■ Extracted material ■
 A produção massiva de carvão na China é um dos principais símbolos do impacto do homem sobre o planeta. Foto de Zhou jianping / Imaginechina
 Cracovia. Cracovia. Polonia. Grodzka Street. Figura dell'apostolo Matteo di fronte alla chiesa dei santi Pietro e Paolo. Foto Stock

* * *

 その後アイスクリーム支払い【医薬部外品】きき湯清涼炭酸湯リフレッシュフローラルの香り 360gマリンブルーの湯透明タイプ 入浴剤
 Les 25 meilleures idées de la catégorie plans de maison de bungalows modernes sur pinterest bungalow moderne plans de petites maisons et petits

--

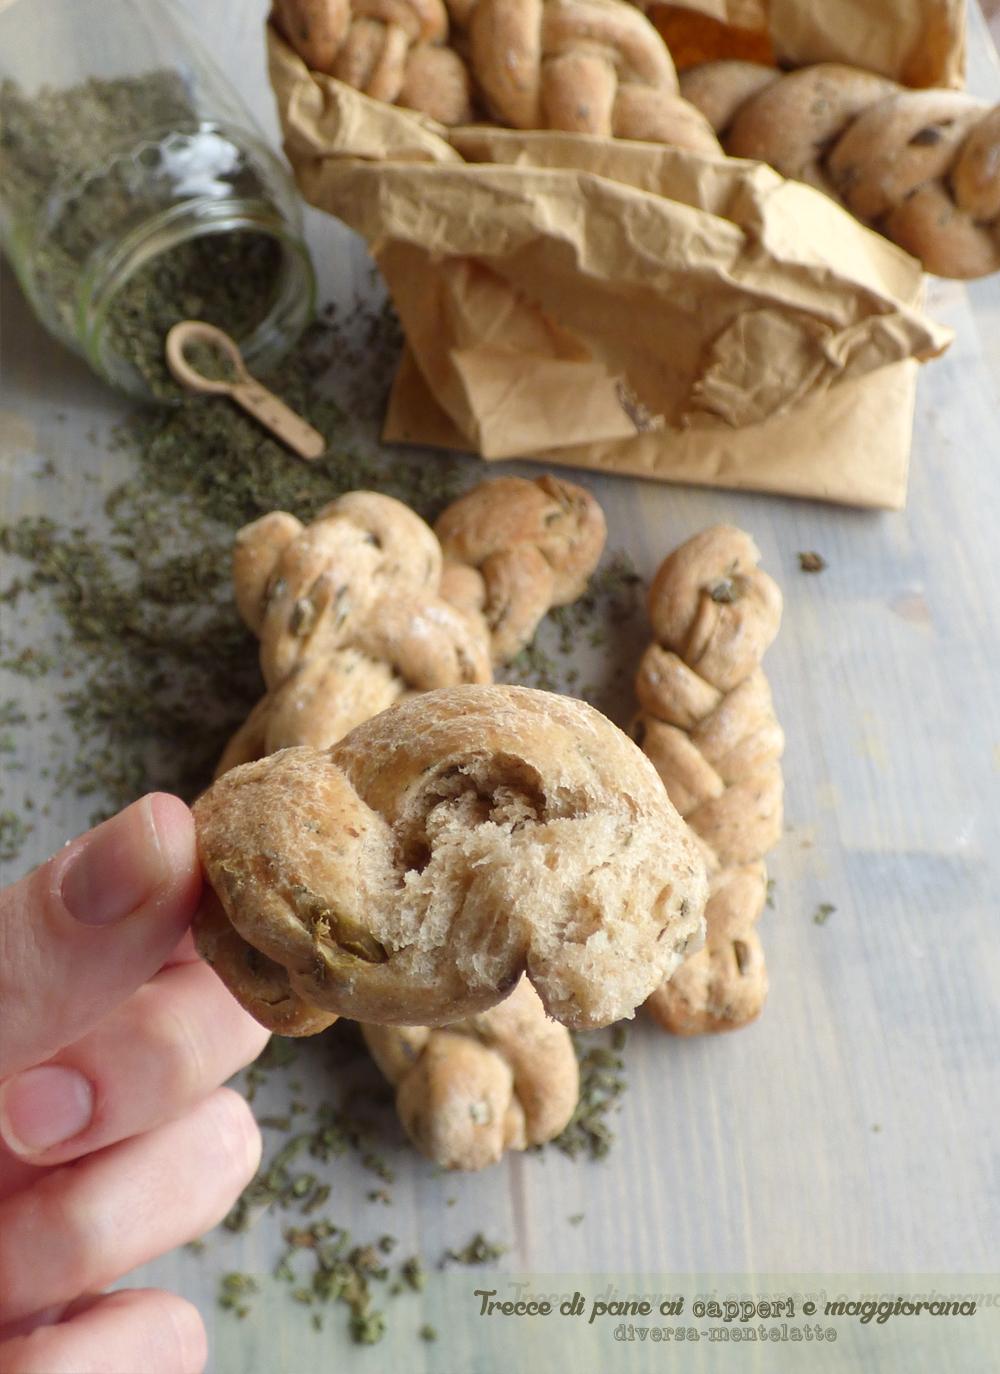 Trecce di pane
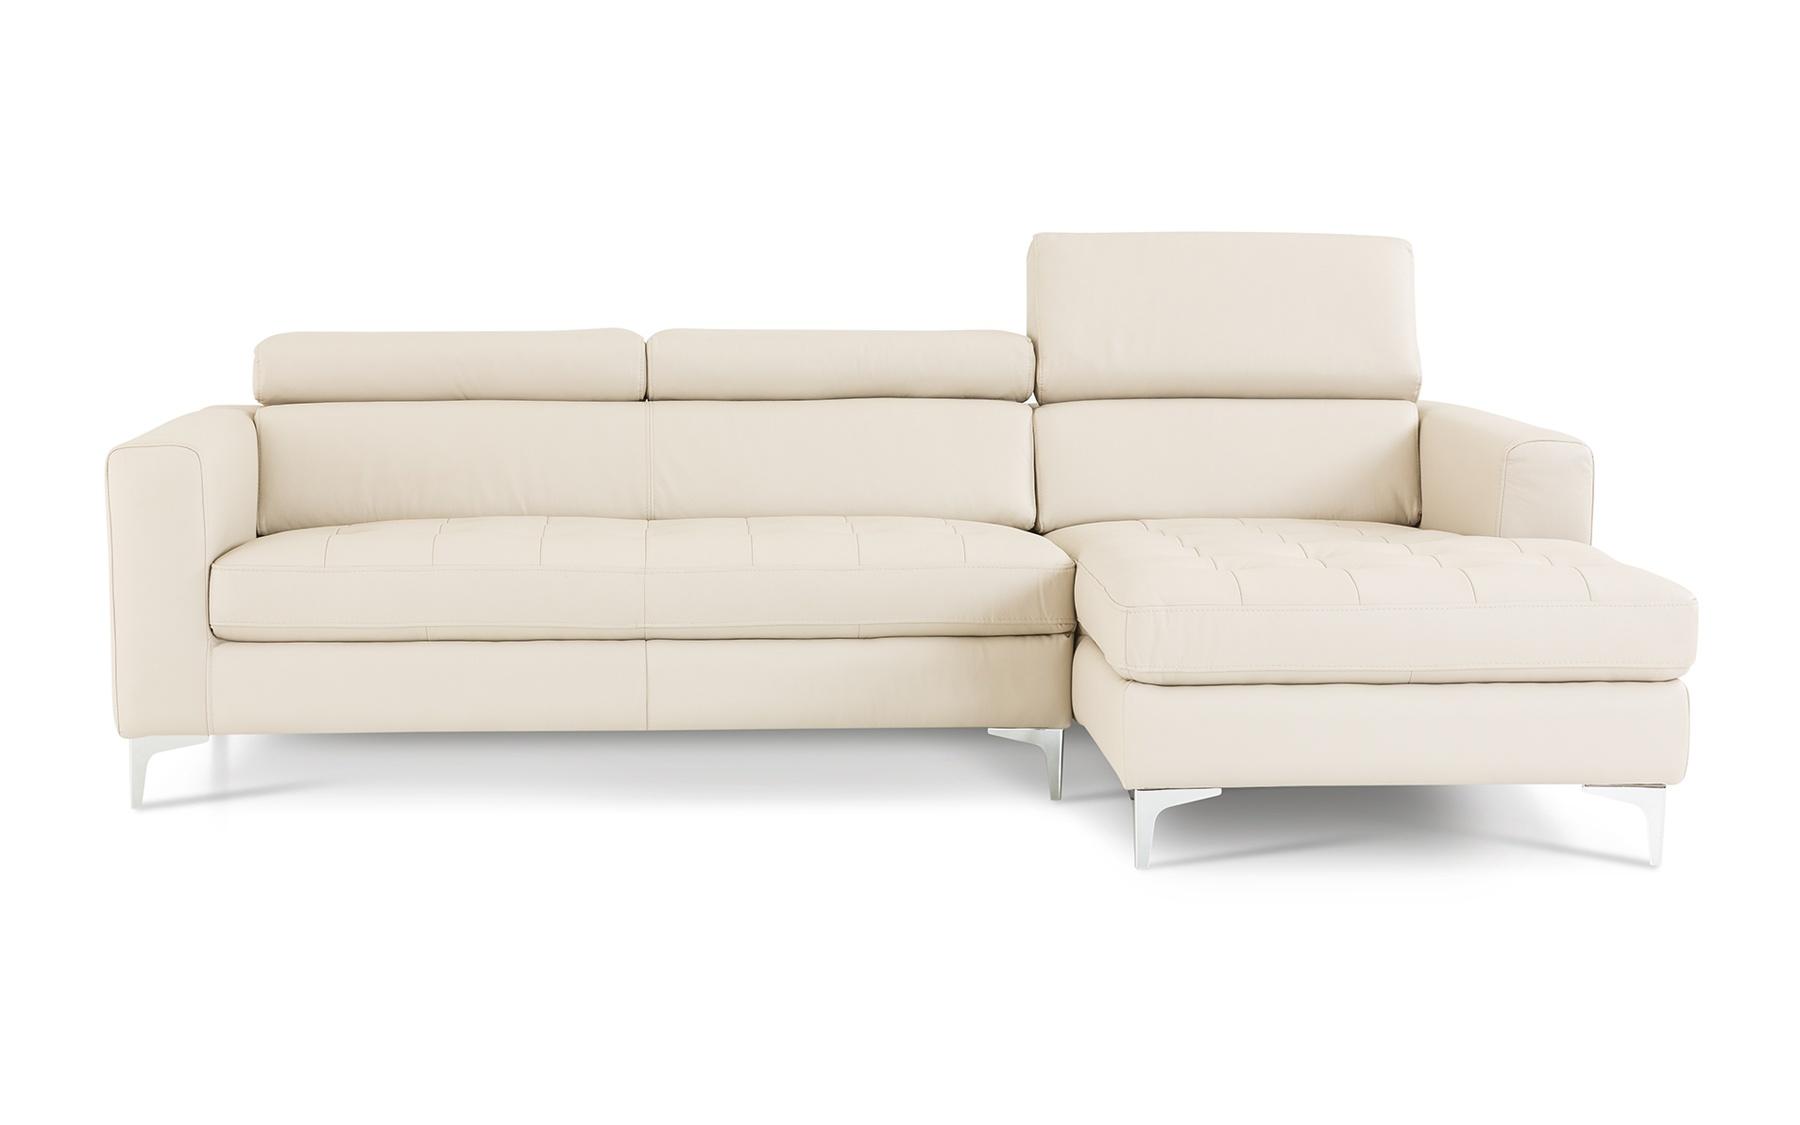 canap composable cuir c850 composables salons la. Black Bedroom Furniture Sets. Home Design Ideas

■ Task requirements ■
Could you repeat exactly the lines in the listing above from the one with "A produção massiva" down to the one with "Cracovia. Cracovia. Polonia."? Include both of those lines.

■ Answer to this problem ■
 A produção massiva de carvão na China é um dos principais símbolos do impacto do homem sobre o planeta. Foto de Zhou jianping / Imaginechina
 Cracovia. Cracovia. Polonia. Grodzka Street. Figura dell'apostolo Matteo di fronte alla chiesa dei santi Pietro e Paolo. Foto Stock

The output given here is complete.